Reproduction, Fertility and Development 21(1) 146-146 https://doi.org/10.1071/RDv21n1Ab91
Published: 9 December 2008

Abstract

Previous studies from our laboratory have detected telomerase activity in embryos from all stages of early bovine development. However, the regulation of the telomerase subunits remains poorly understood. The objective of this study was to characterize the expression and function of the bovine telomerase reverse transcriptase (bTERT) subunit during bovine pre-implantation embryogenesis. Using RT-PCR and immunofluorescence staining procedures (n = 20 embryos at timed stages of development; r = 3), we demonstrate that mRNA transcripts and protein for bTERT were detected in pre-implantation bovine embryos from 1-cell to the blastocyst stage. The specificity of bTERT PCR products was confirmed by sequencing and exhibited 94% sequence homology to the human hTERT cDNA sequence. In immature oocytes, the bTERT protein was localized within the germinal vesicle and after 18 to 20 h of in vitro maturation, bTERT was observed as doublet foci co-localized with the condensed metaphase II meiotic stage chromosomes. Post-fertilization, the expression of bTERT was observed within the pronuclei. Through the initial cleavage stages, the expression of bTERT was variable, with some blastomeres showing punctate staining, whereas others exhibited a more-uniform staining pattern within the cytoplasm. By the 8- to 16-cell stage, the embryos demonstrated a peri-nuclear presence of bTERT. However, while in morulae and blastocysts, bTERT was localized to the nuclei as demonstrated by co-localization with 4′,6-diamidino-2-phenylindole (DAPI) staining. Treatment of zygotes with Telomerase Inhibitor III (telomere mimic that inhibits telomerase activity; Calbiochem, San Diego, CA) significantly induced embryos to permanently arrest in a senescence-like state at the 2- to 4-cell cleavage stage compared with nontreated controls.
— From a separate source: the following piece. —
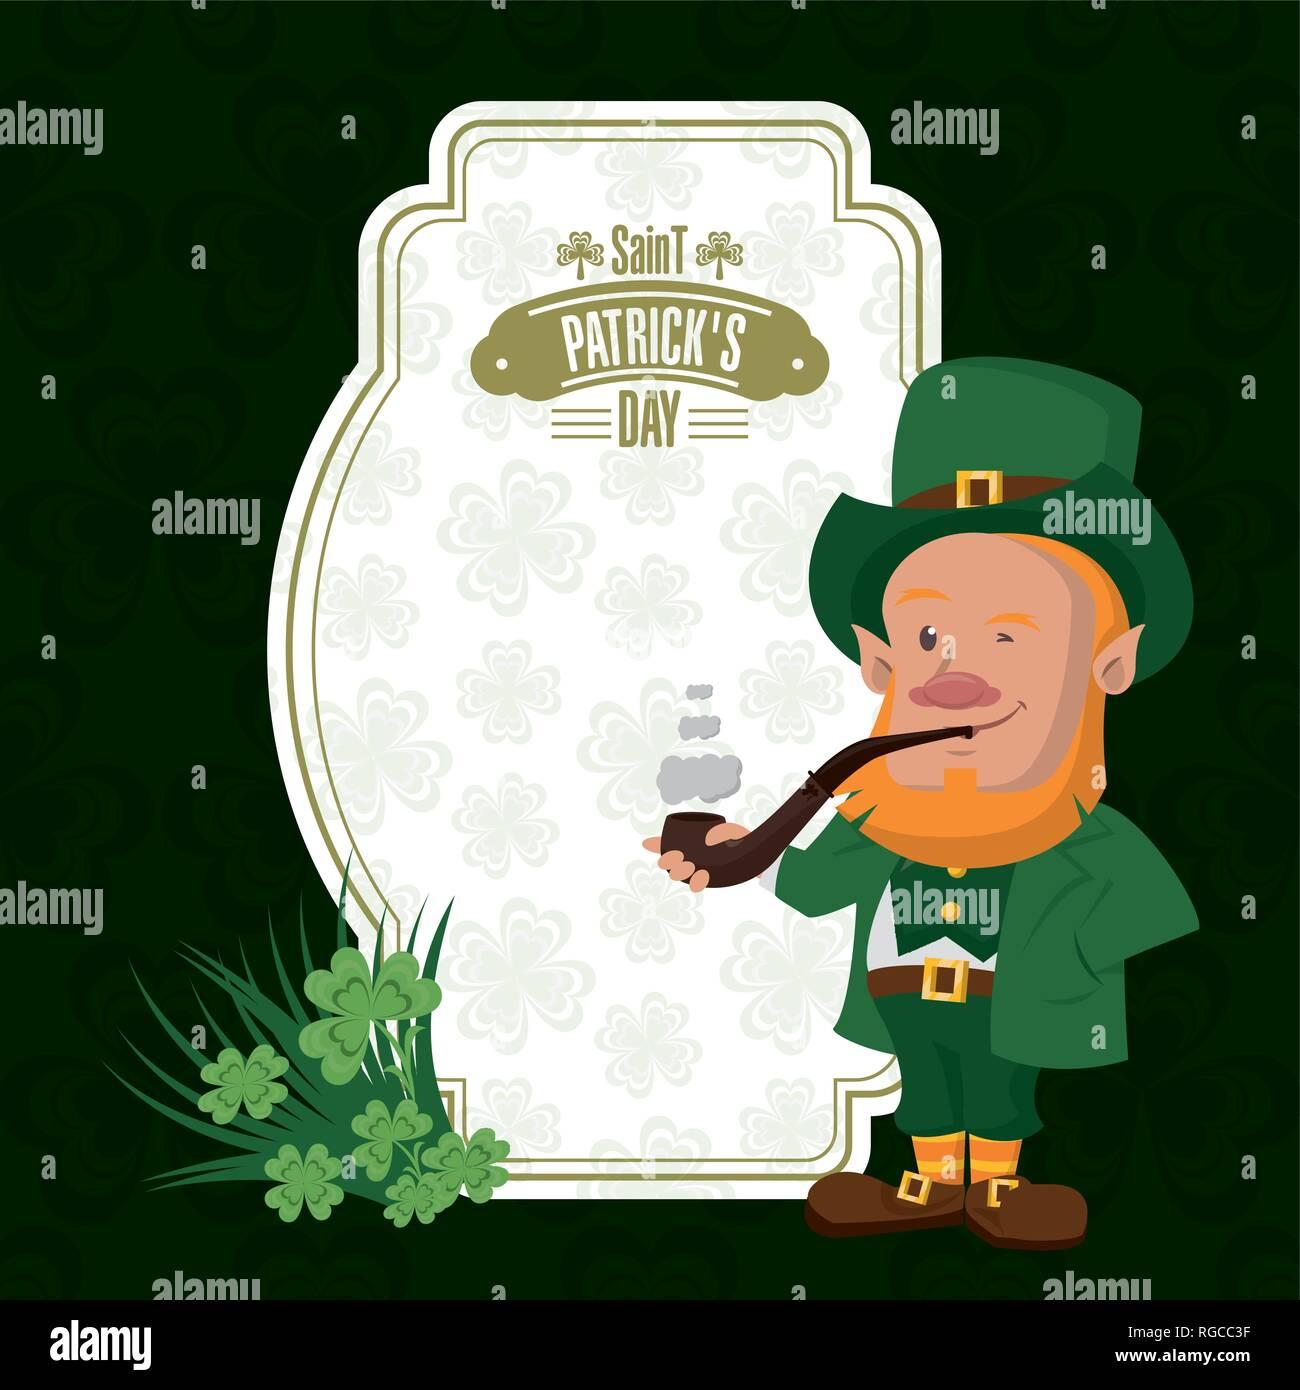 Saint patricks day card - Stock Vector

These arrested embryos showed abnormal nuclear phenotypes (elongated chromosomes, anaphase bridging) and phosphorylated histone γ-H2A.X foci suggesting a critical role(s) of TERT in chromosomal segregation and telomere integrity in early embryos. The translocation of bTERT protein from the cytoplasm to the nucleus in morulae supports the known telomere elongation event, whereas low levels of TERT at the 2- to 4-cell stage are associated with the previously documented state of permanent embryo arrest. Future studies would be directed toward understanding the relationship between TERT expression, telomere dysfunction, and permanent embryo arrest.

Operating grants from the Canadian Institutes of Health Research (CIHR) to D.H.B. and W.A.K. supported this research.